Name:    Linux kernel trusted path execution restriction patch
Purpose: Restrict users to execute files from a single directory only
Author:  Robert Annessi <robert@annessi.at>
Date:    10.09.2007
License: GPLv2
Credits: Brad Spengler <spender@grsecurity.net>
         (based on grsecurity-2.1.10-2.6.19.2-200701222307.patch)

diff -urN linux-2.6.18.orig/fs/compat.c linux-2.6.18-tpe/fs/compat.c
--- linux-2.6.18.orig/fs/compat.c	2007-09-10 13:49:23.000000000 +0200
+++ linux-2.6.18-tpe/fs/compat.c	2007-09-10 17:15:27.000000000 +0200
@@ -1567,6 +1567,13 @@
 	if (retval < 0)
 		goto out;
 
+#ifdef CONFIG_SECURITY_TPE
+	if (!tpe_check(file)) {
+		retval = -EACCES;
+		goto out;
+	}
+#endif
+
 	retval = search_binary_handler(bprm, regs);
 	if (retval >= 0) {
 		free_arg_pages(bprm);
diff -urN linux-2.6.18.orig/fs/exec.c linux-2.6.18-tpe/fs/exec.c
--- linux-2.6.18.orig/fs/exec.c	2007-02-24 00:52:30.000000000 +0100
+++ linux-2.6.18-tpe/fs/exec.c	2007-09-10 17:15:27.000000000 +0200
@@ -57,6 +57,10 @@
 #include <linux/kmod.h>
 #endif
 
+#ifdef CONFIG_SECURITY_TPE
+extern int tpe_check(const struct file *file);
+#endif
+
 int core_uses_pid;
 char core_pattern[65] = "core";
 int suid_dumpable = 0;
@@ -1188,6 +1192,13 @@
 	if (retval < 0)
 		goto out;
 
+#ifdef CONFIG_SECURITY_TPE
+	if (!tpe_check(file)) {
+		retval = -EACCES;
+		goto out;
+	}
+#endif
+
 	retval = search_binary_handler(bprm,regs);
 	if (retval >= 0) {
 		free_arg_pages(bprm);
diff -urN linux-2.6.18.orig/security/Kconfig linux-2.6.18-tpe/security/Kconfig
--- linux-2.6.18.orig/security/Kconfig	2007-02-24 00:52:30.000000000 +0100
+++ linux-2.6.18-tpe/security/Kconfig	2007-09-10 17:55:47.000000000 +0200
@@ -4,6 +4,44 @@
 
 menu "Security options"
 
+config SECURITY_TPE
+        bool "Trusted Path Execution (TPE)"
+        help
+          If you say Y here, you will be able to choose a gid 
+          you want to mark as "untrusted."

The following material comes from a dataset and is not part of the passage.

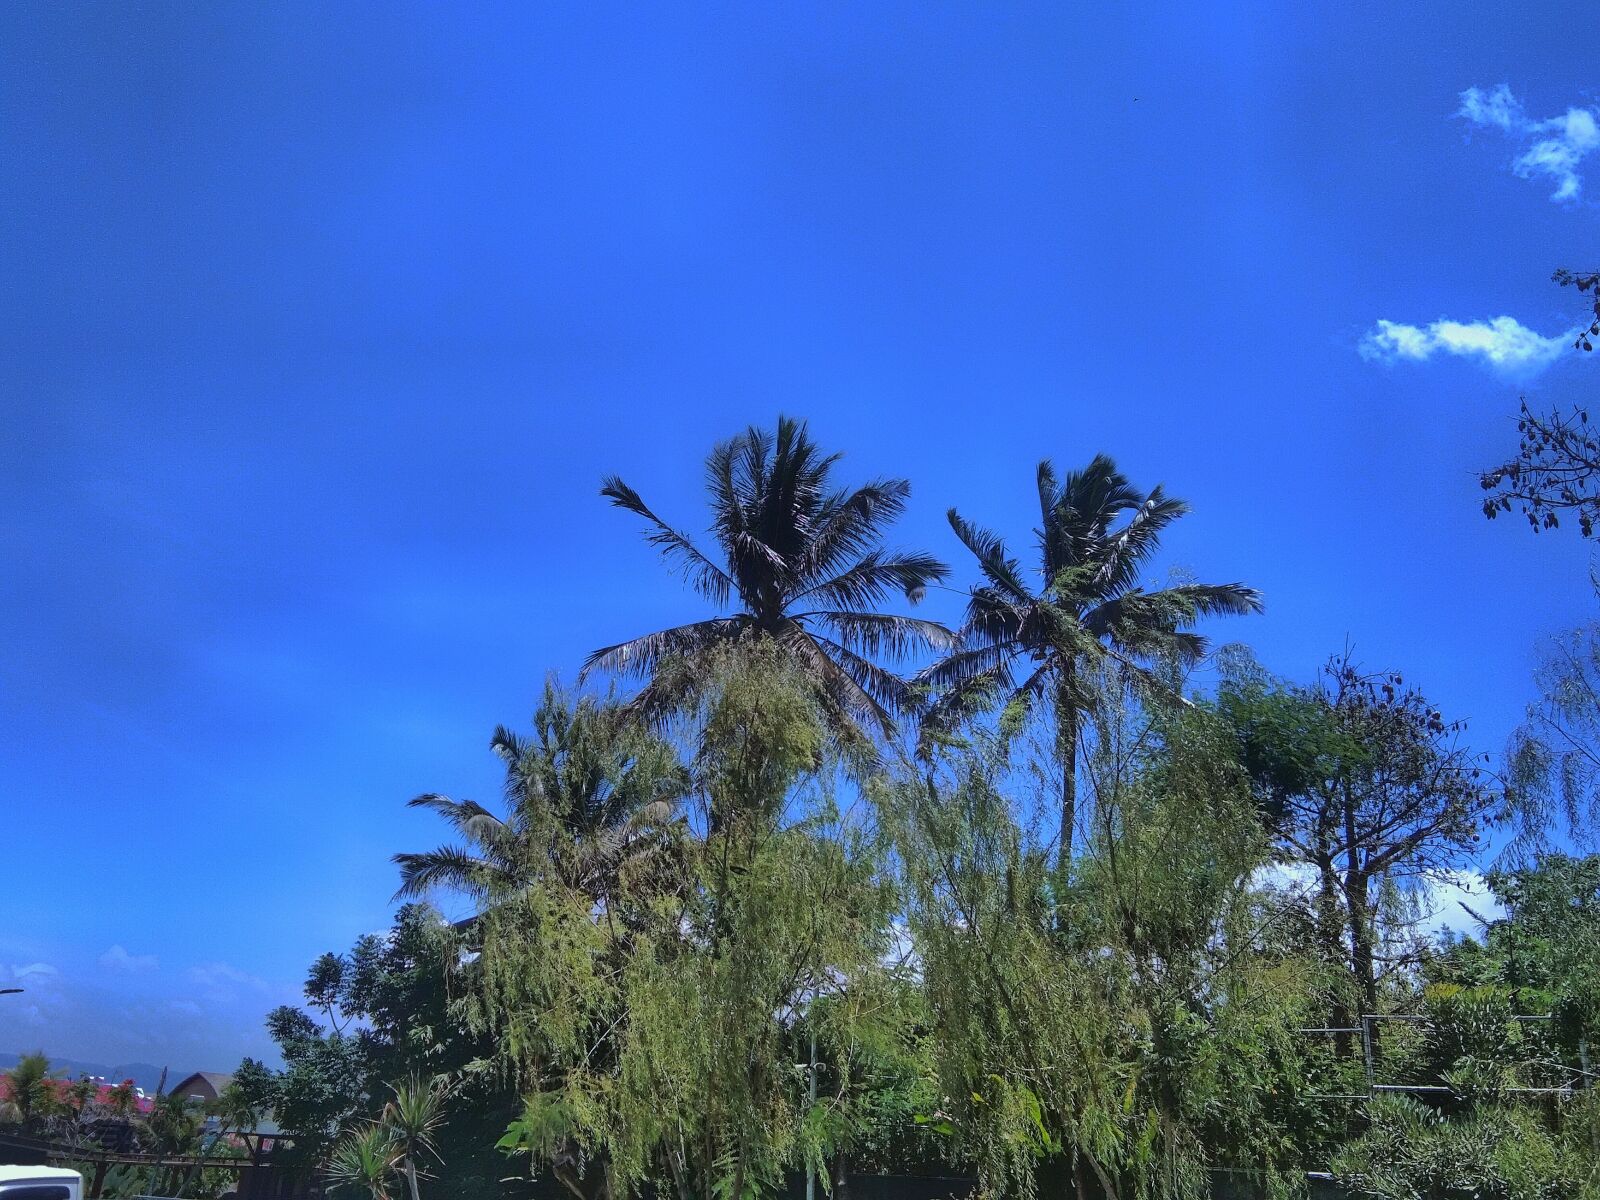 vivo 1807 sample photo. Tree, blue sky, shinny photography

+          Users in this group will only be able to execute files that are in
+          the trusted directory (specified below).
+
+config SECURITY_TPE_INVERT
+        bool "Invert GID option"
+        depends on SECURITY_TPE
+        help
+          If you say Y here, the group you specify in the TPE configuration 
+          will be trusted (not untrusted).  This option is useful if you want
+          the TPE restriction to be applied to most users on the system. 
+
+config SECURITY_TPE_GID
+        int "GID for untrusted users"
+        depends on SECURITY_TPE && !SECURITY_TPE_INVERT
+        default 1000
+
+config SECURITY_TPE_GID
+        int "GID for trusted users"
+        depends on SECURITY_TPE && SECURITY_TPE_INVERT
+        default 1000
+        help
+	  If you have not selected the "Invert GID option" above, setting this
+          GID determines what group the TPE restriction will be *enabled* for.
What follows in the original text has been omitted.